Still, this new policy falls short.

 

Senior enlisted airmen may have had honorable intentions when they combined Indian chief headdresses with their Air Force chief chevrons.

 

Many American Indians, however, don’t see this as an honor, but as cultural exploitation. Some even see the use of eagle feathers and headdresses as sacrilegious.

 

Indian religious symbols should be treated with the same respect as the Christian cross, the Star of David or any other religious symbol.

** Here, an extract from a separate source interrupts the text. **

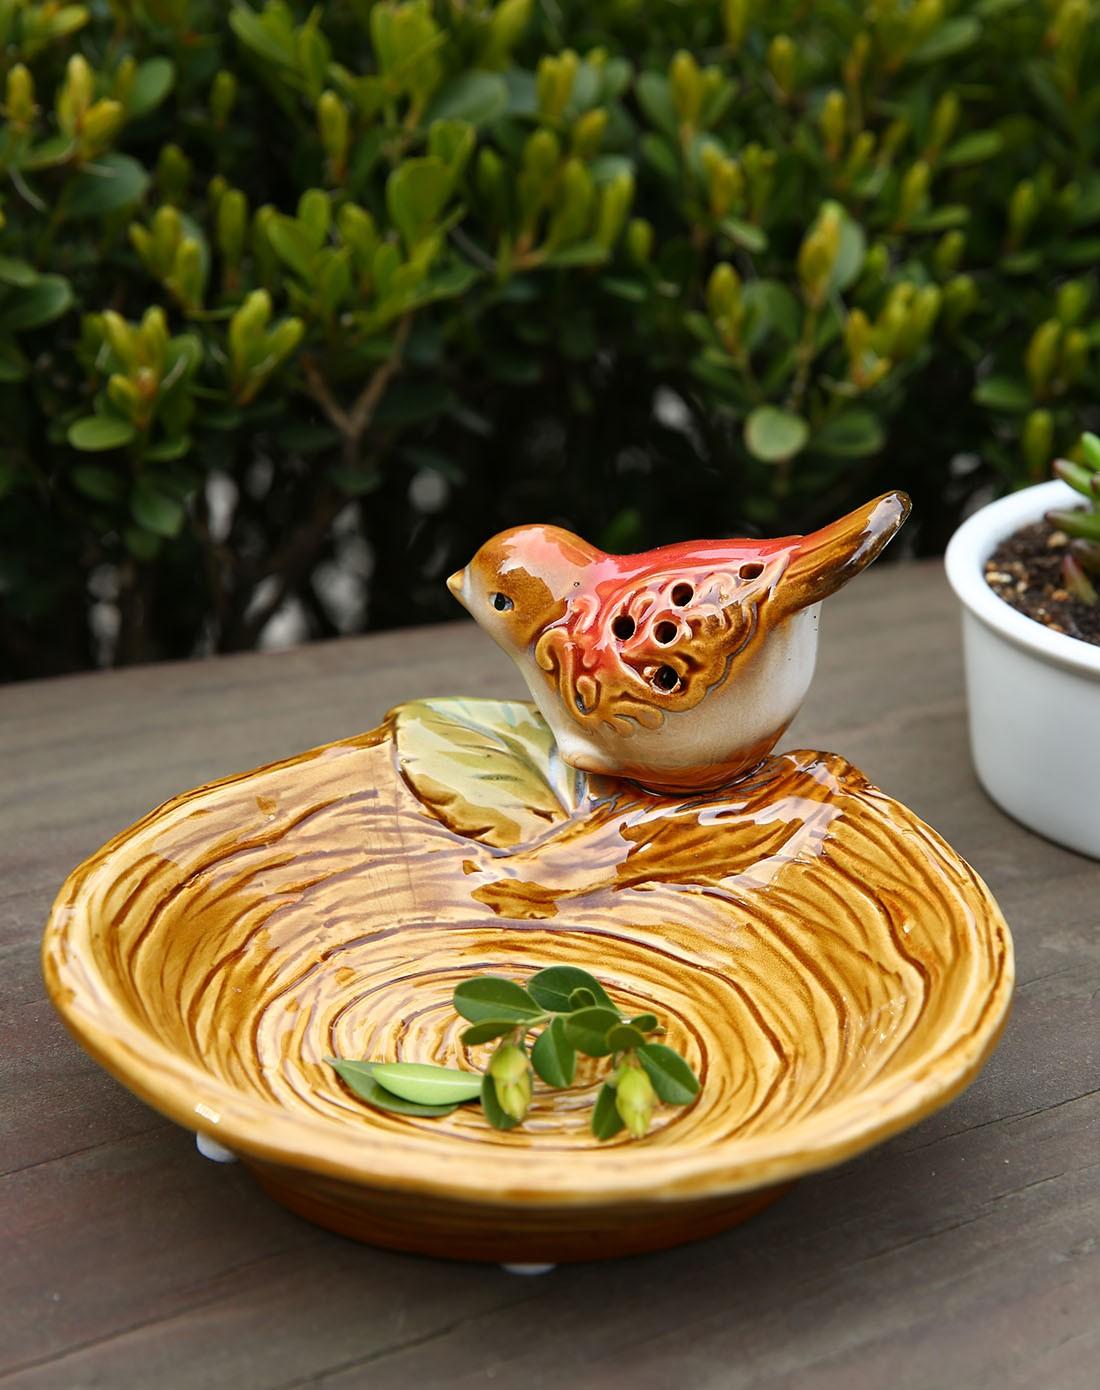 雅工坊欧式纯手工浅浮雕陶瓷果盘-小鸟蹲桩900200101图片

This holds true not only for the chiefs groups that use the headdresses, but also for the 335th Fighter Squadron at Seymour Johnson Air Force Base, N.C. The “Chiefs,” as they are known, also have the distinction of  being the world’s leading MiG killers — let that become their new logo.

 

This policy also should extend to the 8th Flying Training Squadron at Vance Air Force Base, Okla. Its cartoon image of an American Indian — complete with a single feather and tomahawk — is stereotypical and degrading.

 

That’s not to say the U.S. military and American Indian heritage are mutually exclusive. The Air Force Thunderbirds do an admirable job of honoring both. The unit selected a mythical American Indian legend, not a religious symbol, and has been careful to appropriately display that heritage. Indeed, American Indians have commended the unit for this

effort.

 

Murray’s new rule rightly stops airmen from using taxpayer dollars to buy items that contain American Indian symbols, but it does not stop them from displaying these items. In fact, Murray has an American Indian statue in his Pentagon office, given to him when he was promoted to chief.

 

It’s time the Air Force truly honored the heritage of American Indians. To do this, it must stop using their religious symbols, and stop presenting American Indians in degrading ways.